In the novel, Lubow teases the creative correlation between ad man and detective.
“The beauty of the story, the theme of the book, is things are not as they appear. And that's what our hero feels about advertising because advertising always portrays products as more beautiful and glamorous than they really are,” he says. “There is a scene in the beginning of the book where he's been sitting in a McDonald's-type hamburger joint. He's looking at the hamburger in his hand and he's also looking at a poster on the wall of the hamburger and he thinks, ‘You know, the hamburger on the poster is never the hamburger in your hand’."
Lubow says he tried to combine elements of suspense and mystery, but also to keep the novel light and humorous. The approach was something straight of his advertising background. He also drew on themes from his childhood.

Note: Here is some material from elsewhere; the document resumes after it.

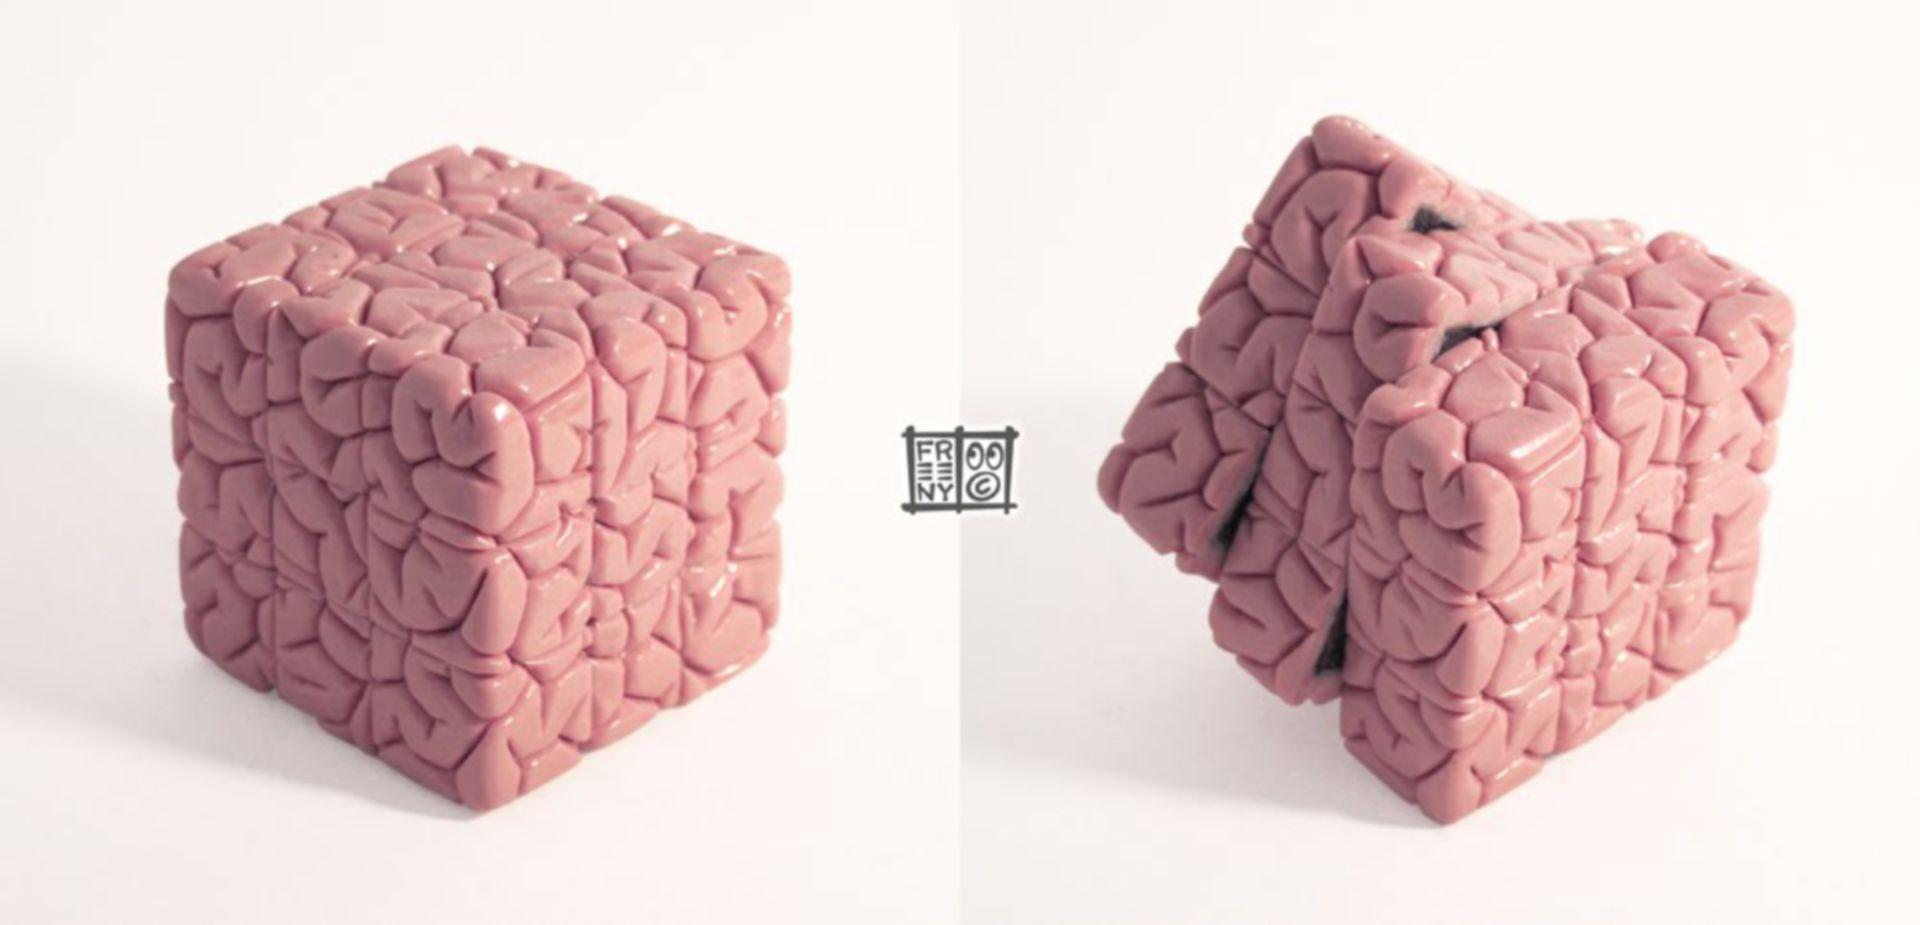 BrainCube 1000

“I've always liked cowboy stories a lot. I still like cowboy stories. I've also traveled to Colorado, and I've hiked through the Rocky Mountains, and I've been in the areas where the book takes place,” Lubow says. ”The idea if I could say it is an advertising guy goes west and becomes a cowboy. That's kind of a fantasy of a grown man.”
At one point in the book, Ben Franklin Greene, who's a little bit of a neurotic, finds himself wearing a cowboy hat out of necessity and having a gun belt strapped around his waist with a heavy revolver on it and he's on a galloping horse. Lubow says it all makes sense the way the pieces fit together, even if things really aren’t as they seem.
“I'll tell you a little secret. The bad guys are not necessarily the kidnappers,” he says.
The Idea People is available in paperback and as an e-book on Amazon.com.